#### Problem requirements
Repeat the data exactly, please; no pictures belong in the copy.

#### Data block
------------------------------------------------------------

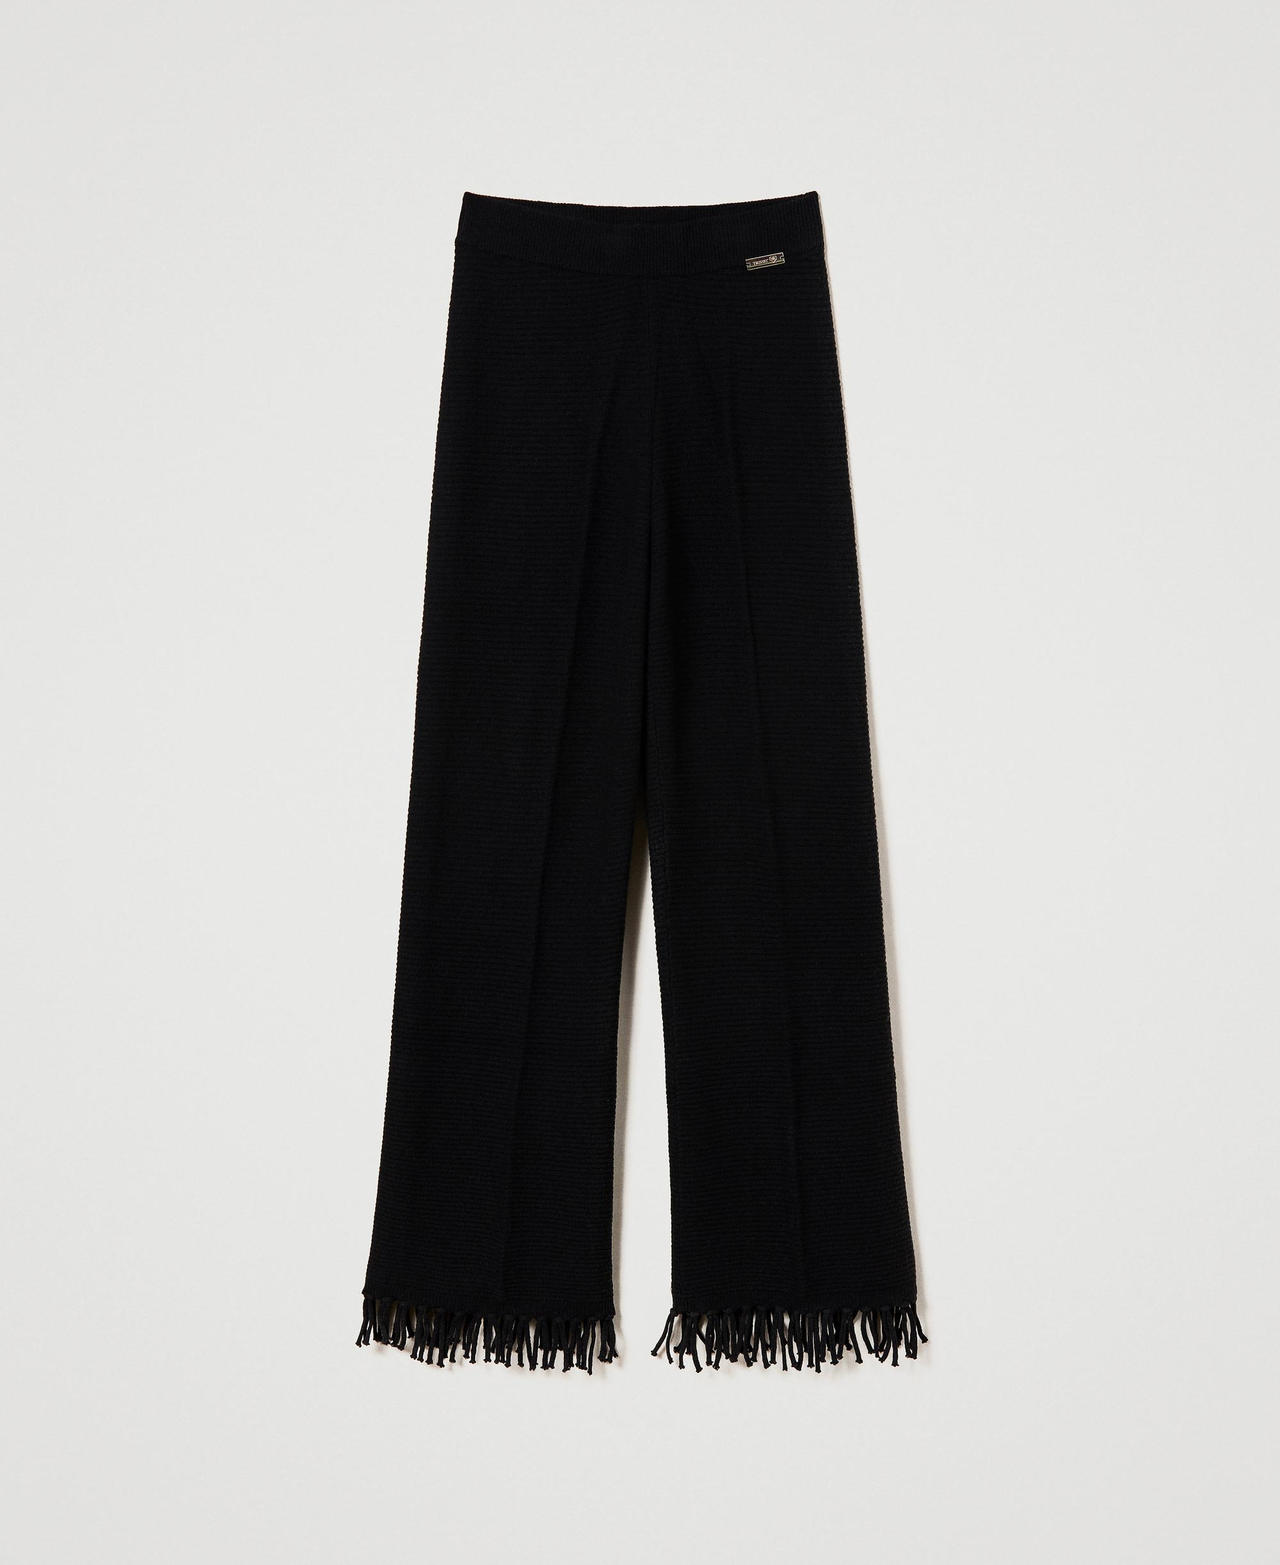 Pantaloni in lana con frange Madreperla Donna 232LL3ECC-0S
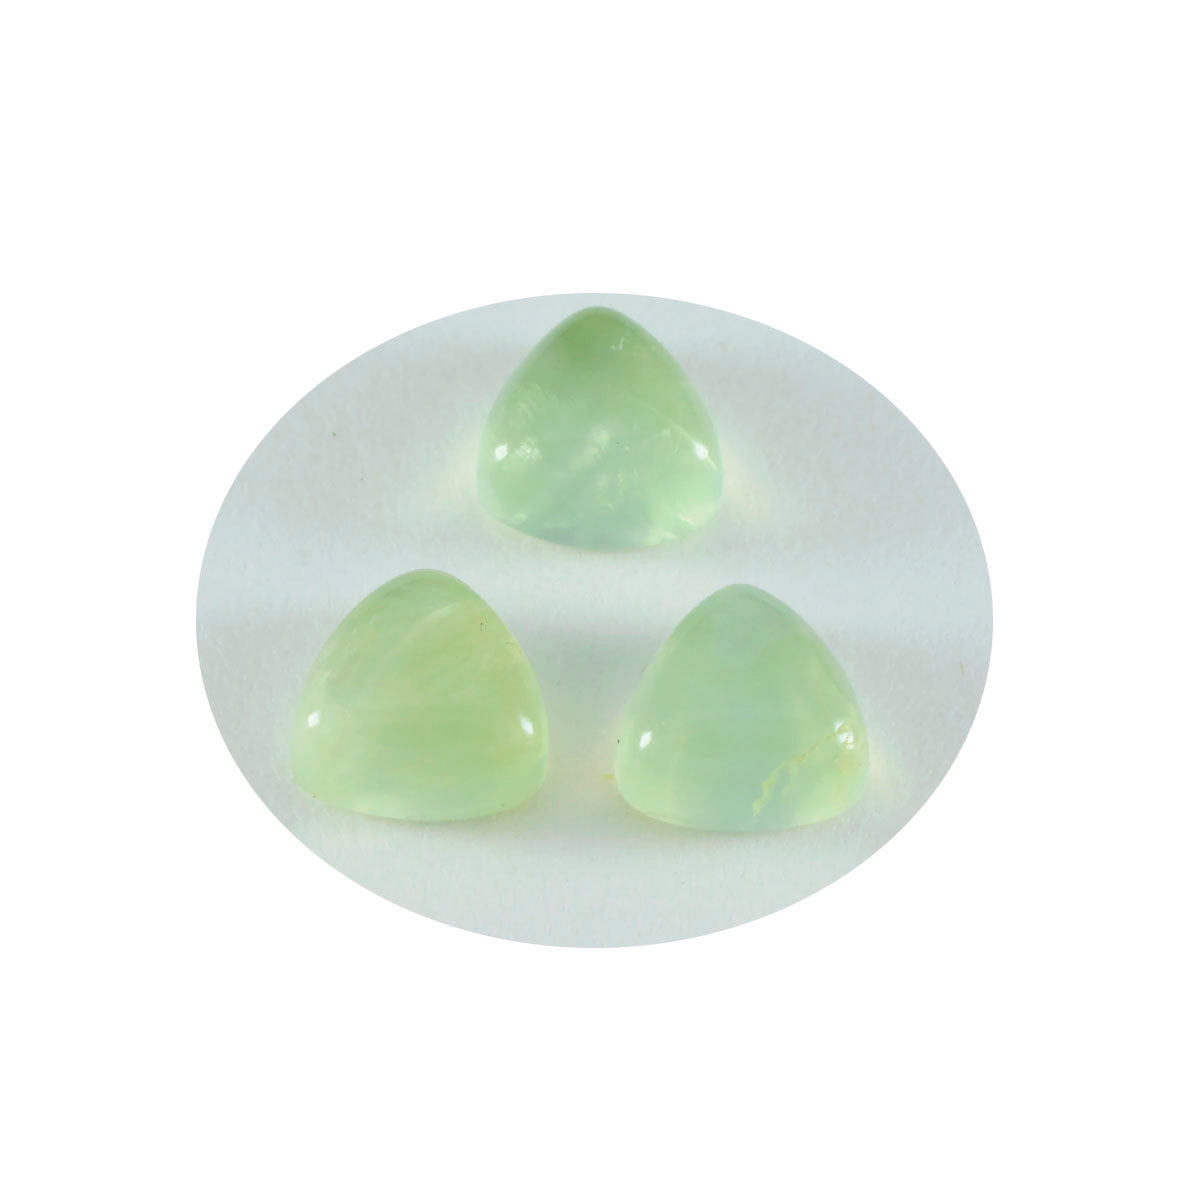 Riyogems 1 pieza cabujón de prehnita verde 15x15 mm forma de billón gema de excelente calidad
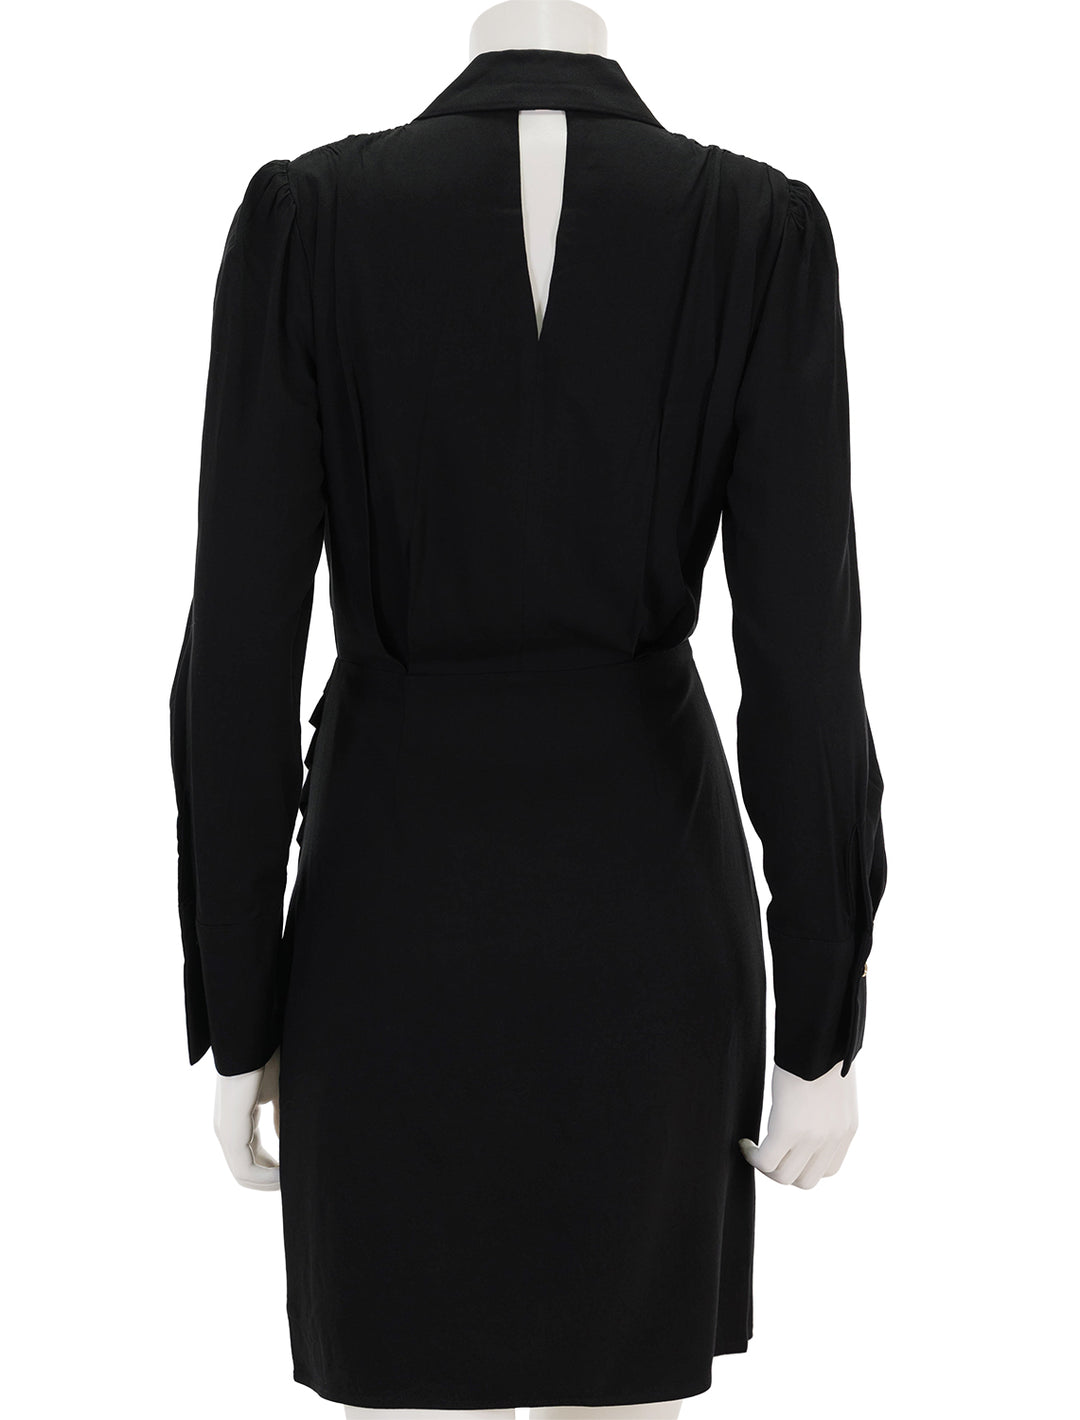 Back view of Suncoo Paris' cristel dress in noir.
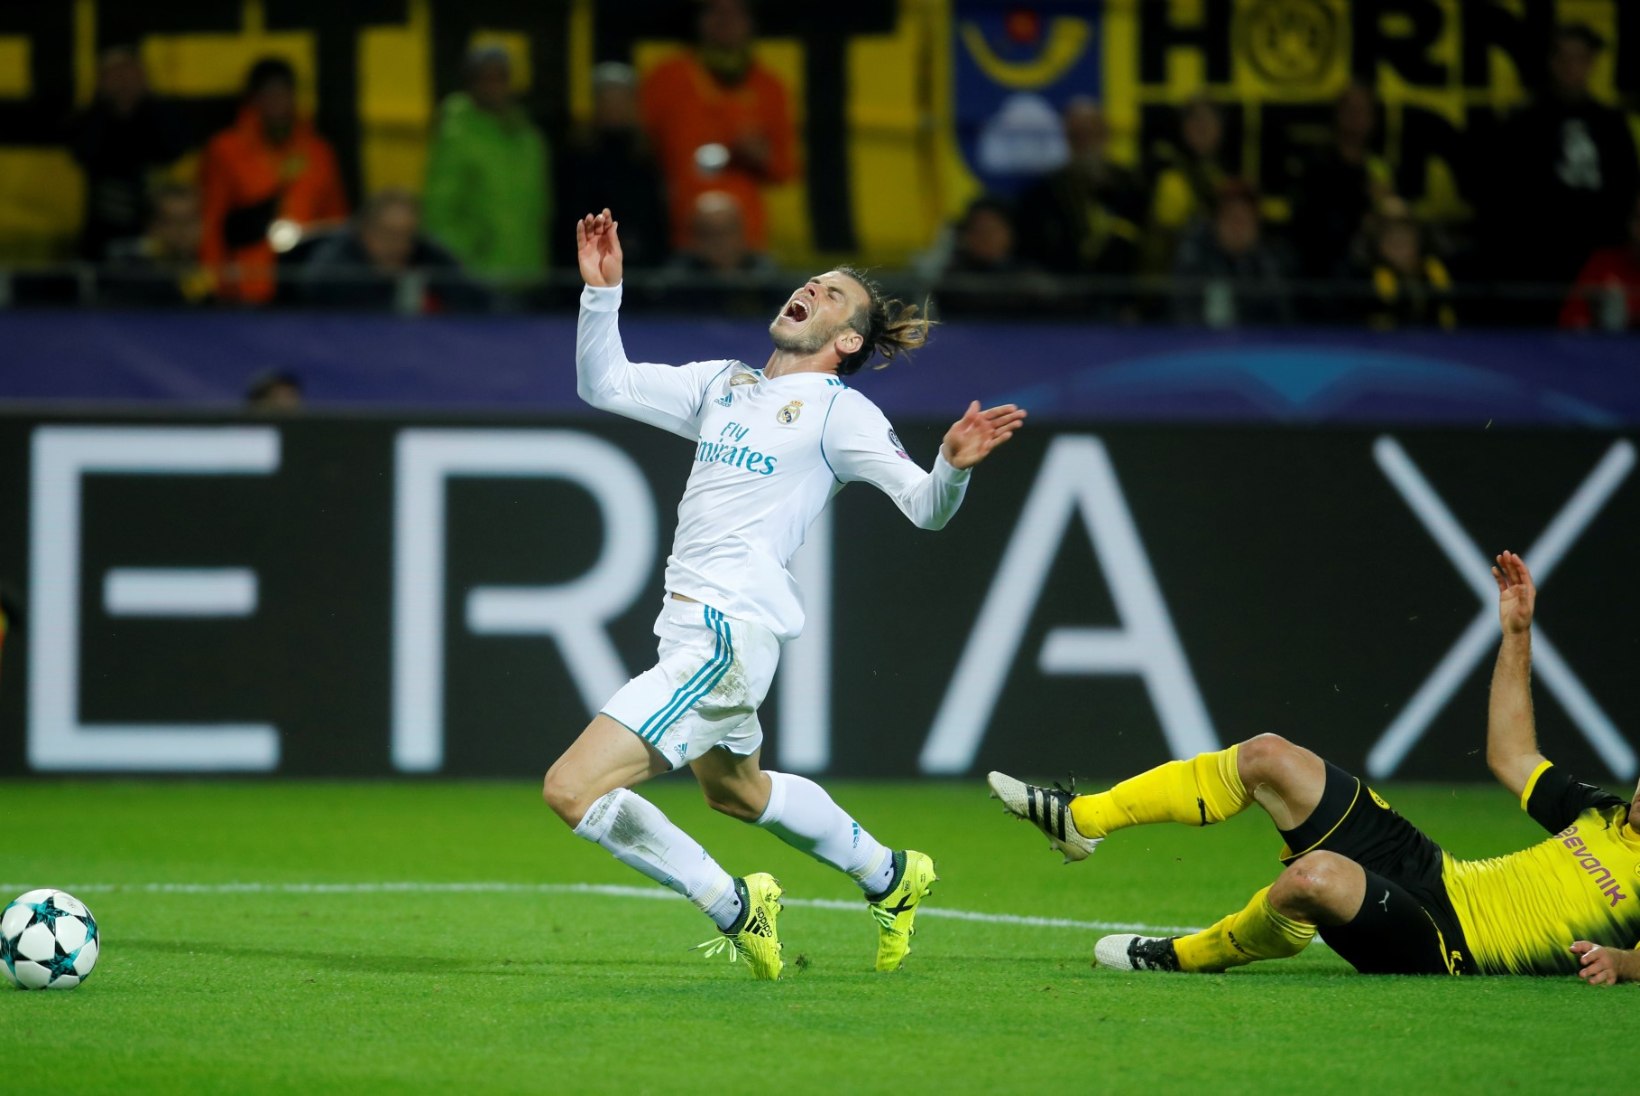 KAS TÕESTI? Madridi Real on nõus Gareth Bale'i ManU-le müüma

------------------------------------------------------------

#### Completed exercise
 Pantaloni in lana con frange Madreperla Donna 232LL3ECC-0S
 Riyogems 1 pieza cabujón de prehnita verde 15x15 mm forma de billón gema de excelente calidad
 Back view of Suncoo Paris' cristel dress in noir.
 KAS TÕESTI? Madridi Real on nõus Gareth Bale'i ManU-le müüma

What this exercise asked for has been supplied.